You might think this is a juvenile prank and well, you’re right. I’d also like to draw your attention to this article in the nytimes today:
THIS spring was a rough season for the Fourth Amendment. The Obama administration petitioned the Supreme Court to allow GPS tracking of vehicles without judicial permission. The Supreme Court ruled that the police could break into a house without a search warrant if, after knocking and announcing themselves, they heard what sounded like evidence being destroyed. Then it refused to see a Fourth Amendment violation where a citizen was jailed for 16 days on the false pretext that he was being held as a material witness to a crime.
In addition, Congress renewed Patriot Act provisions on enhanced surveillance powers until 2015, and the F.B.I. expanded agents’ authority to comb databases, follow people and rummage through their trash even if they are not suspected of a crime.

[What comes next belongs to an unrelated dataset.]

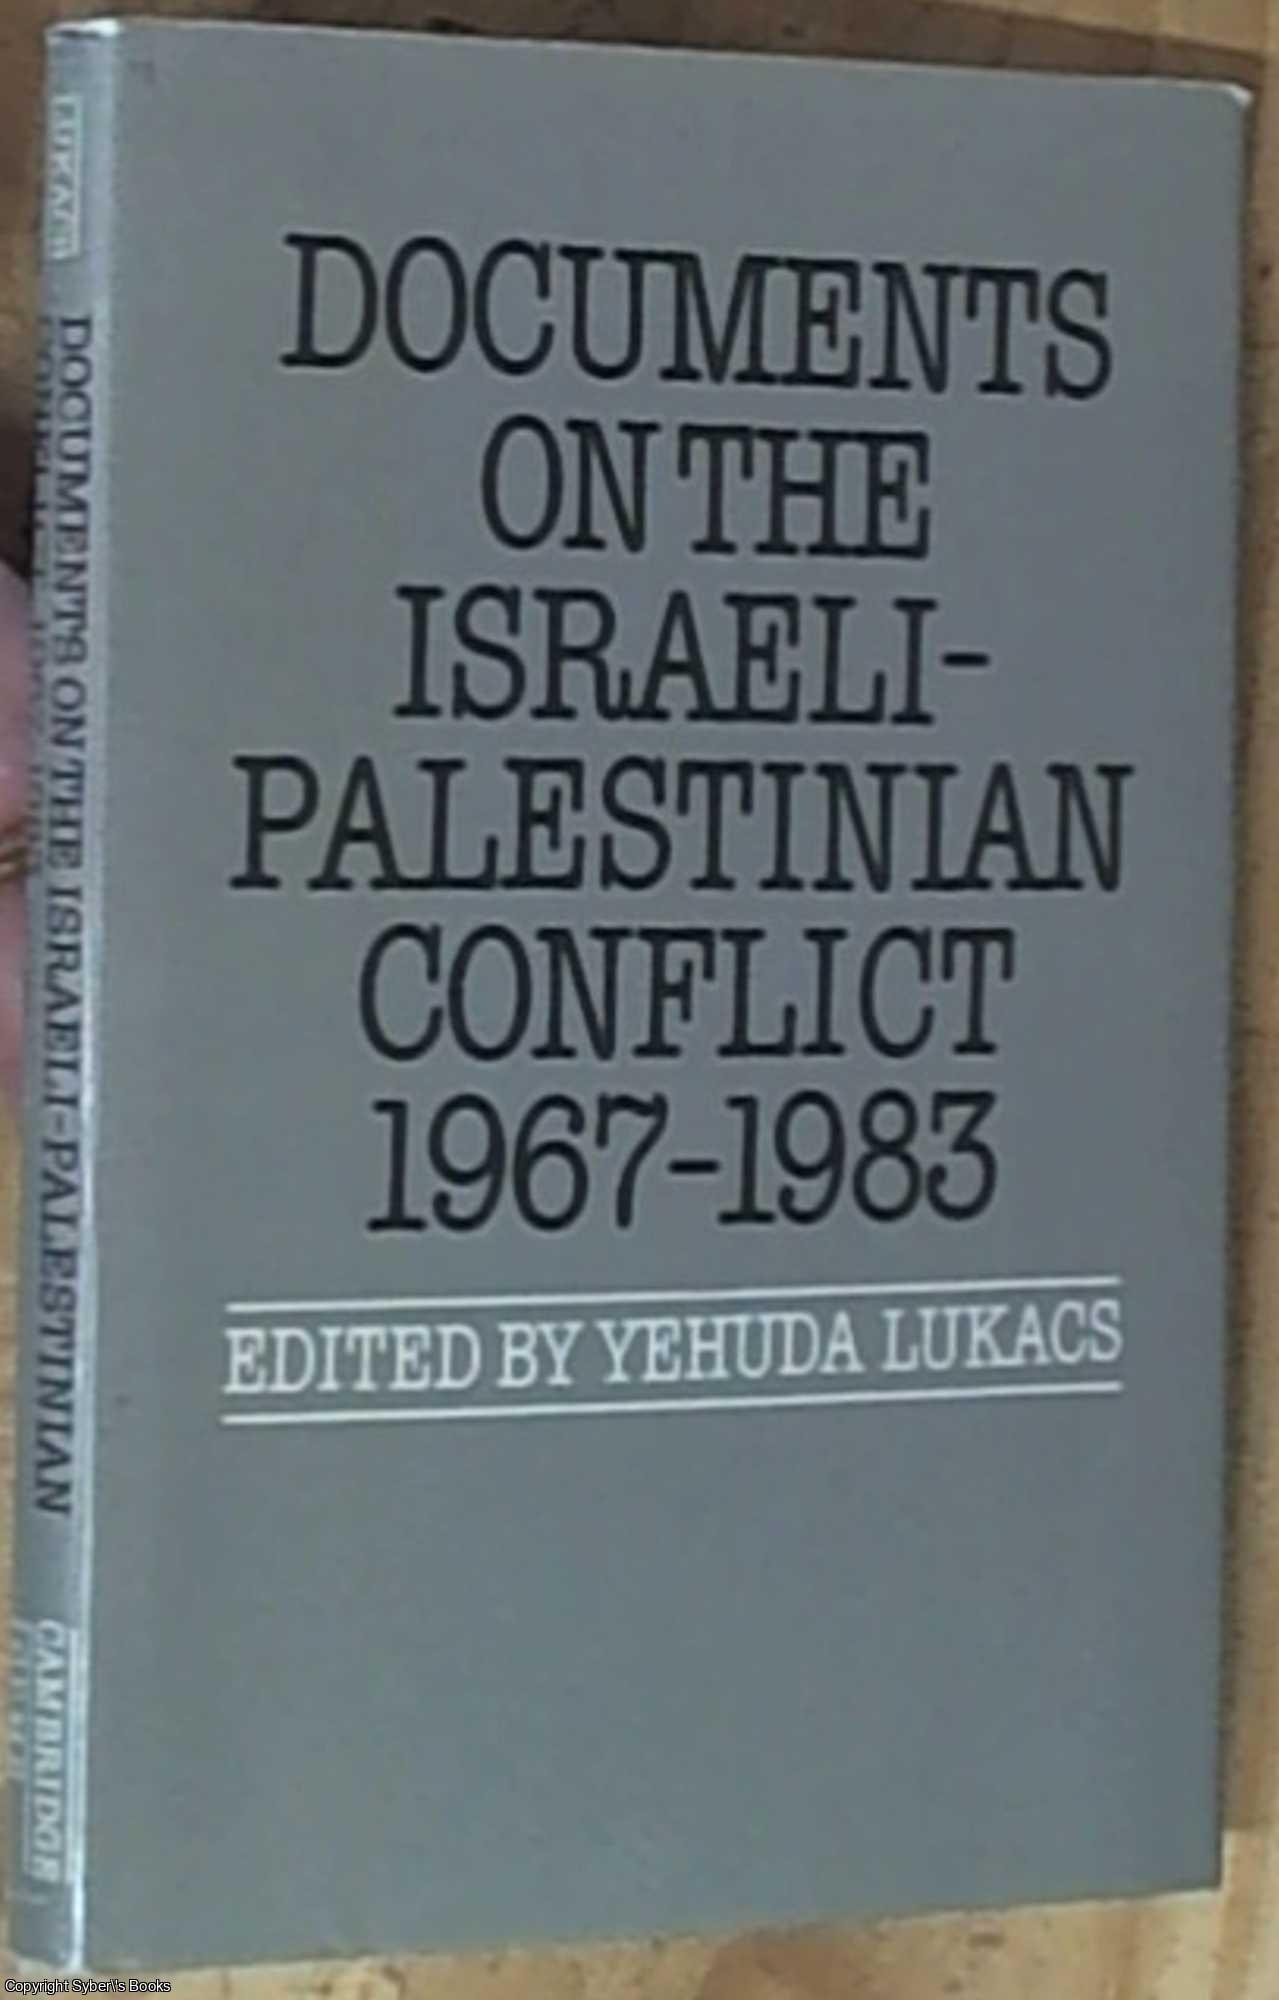 Lukacs, Yehuda  Editor - Documents on the Israeli-Palestinian Conflict, 1967-1983
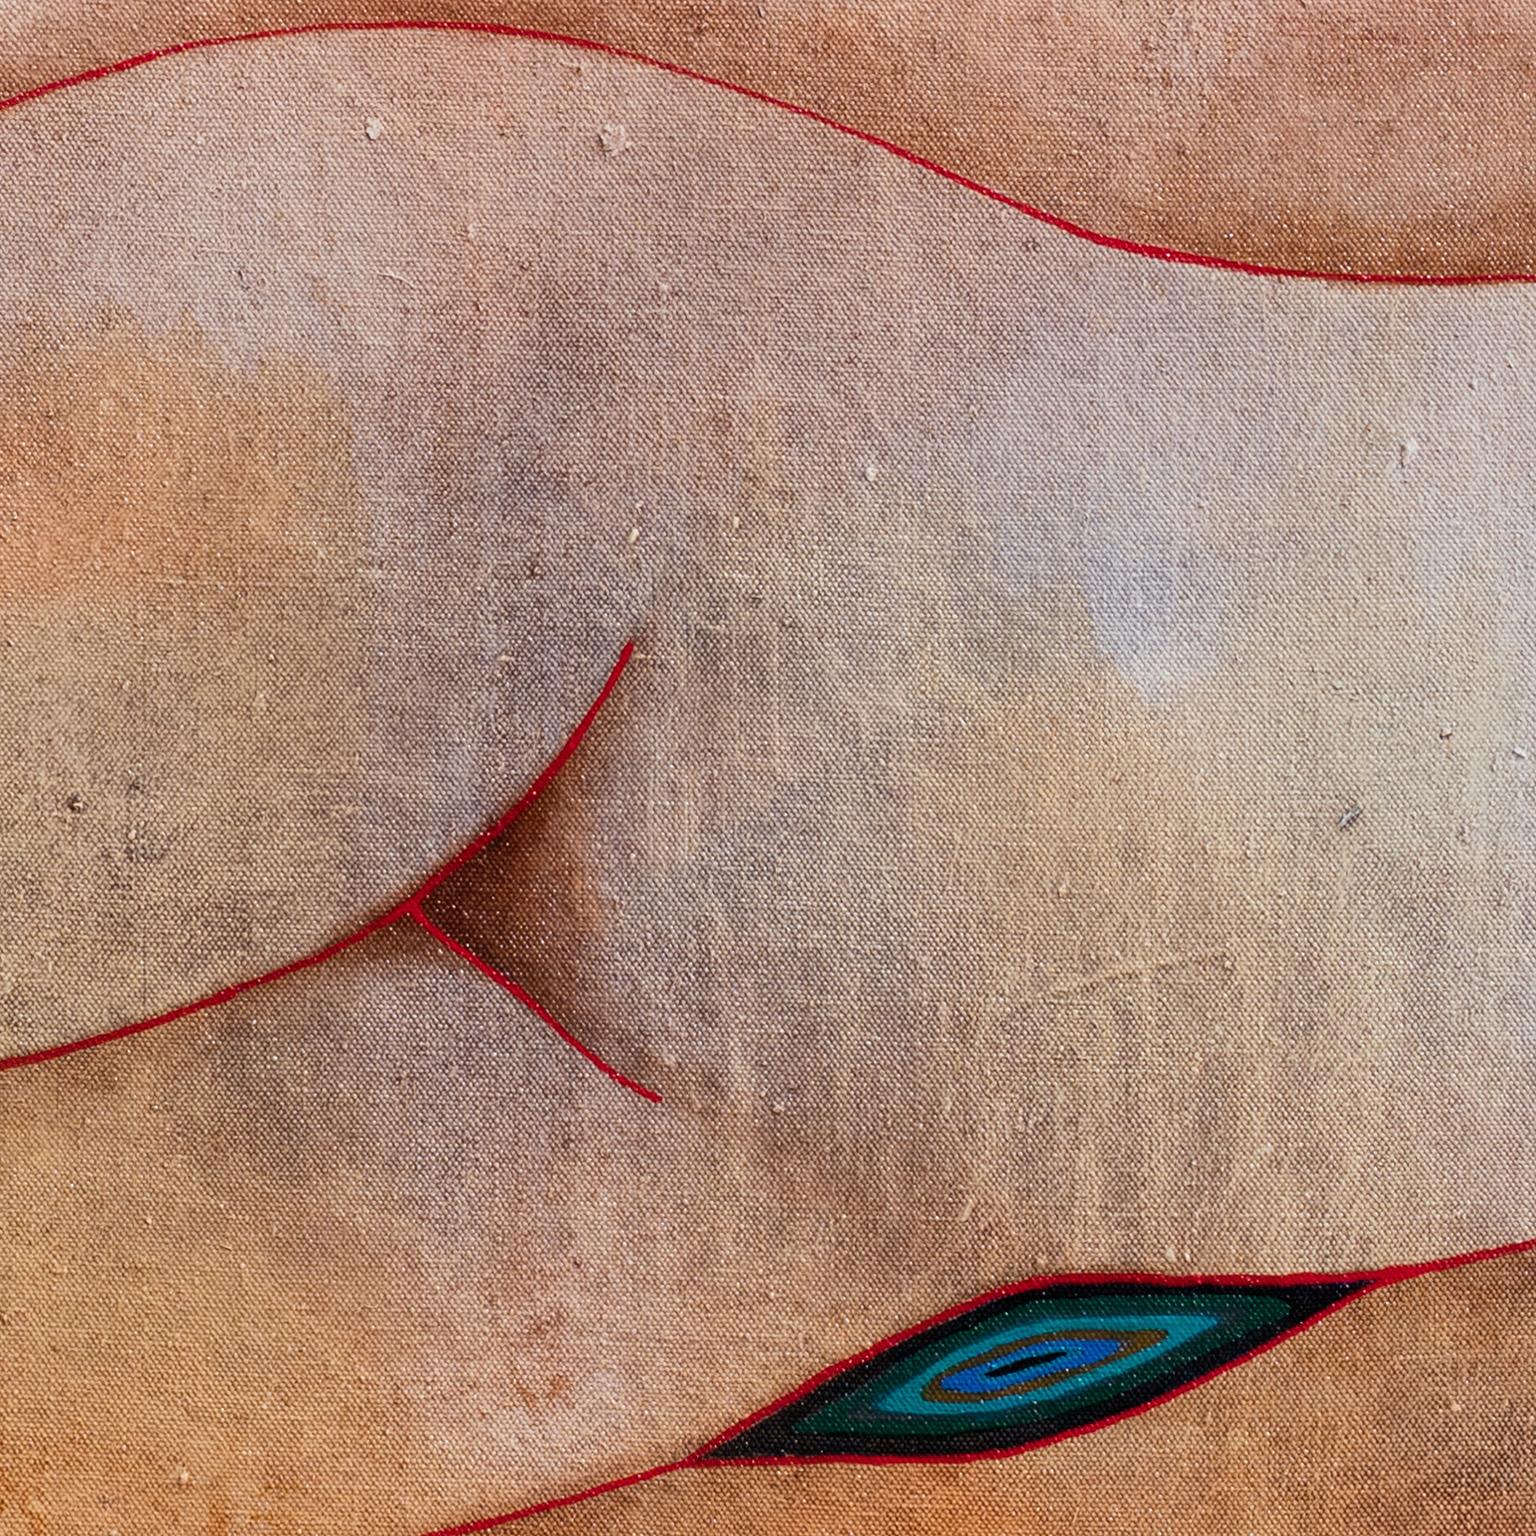 Citherean Venus - Surrealist Painting by Gian Berto Vanni

None of these are landmark decisions. But together they further erode the privilege of privacy that was championed by Congress and the courts in the mid-to-late-20th century, when the Fourth Amendment’s warrant requirement was applied to the states, unconstitutionally seized evidence was ruled inadmissible in state trials, and privacy laws were enacted following revelations in the 1970s of domestic spying on antiwar and civil rights groups.
For over a decade now, the government has tried to make us more secure by chipping away at the one provision of the Bill of Rights that pivots on the word “secure” — the Fourth Amendment’s guarantee of “the right of the people to be secure in their persons, houses, papers and effects against unreasonable searches and seizures.”
The founding fathers, who sought security from government, would probably reject today’s conventional wisdom that liberty and security are at odds, and that one must be sacrificed for the other. In their experience, the chief threat to individual security came from government itself, as in the house-to-house searches conducted by British customs officers under blanket “writs of assistance.” After the Boston lawyer James Otis Jr. eloquently challenged the writs in 1761, John Adams, who was present in the crowded courtroom, wrote of the audience’s rage, “Then and there the child independence was born.”
Independent America’s answer to those searches was the Fourth Amendment, with its requirement that law enforcement have probable cause to believe that evidence of a crime can be found at a particular place and time before a judge issues a warrant.
The ingenious feature of this demand is that it makes criminal investigations more efficient and accurate, even as it preserves liberty. If that rule and others in the Bill of Rights are followed, the police waste less time chasing false leads, make fewer erroneous arrests and leave the community safer.
In other words, the framers handed down a system in which liberty and security were fused, one inseparable from the other. So it is hard to see how safety has been enhanced by the post-9/11 expansion of counterterrorism surveillance, which has uncovered hardly any known plots and instead burdens analysts with so much irrelevant noise that they have trouble hearing the ominous melodies.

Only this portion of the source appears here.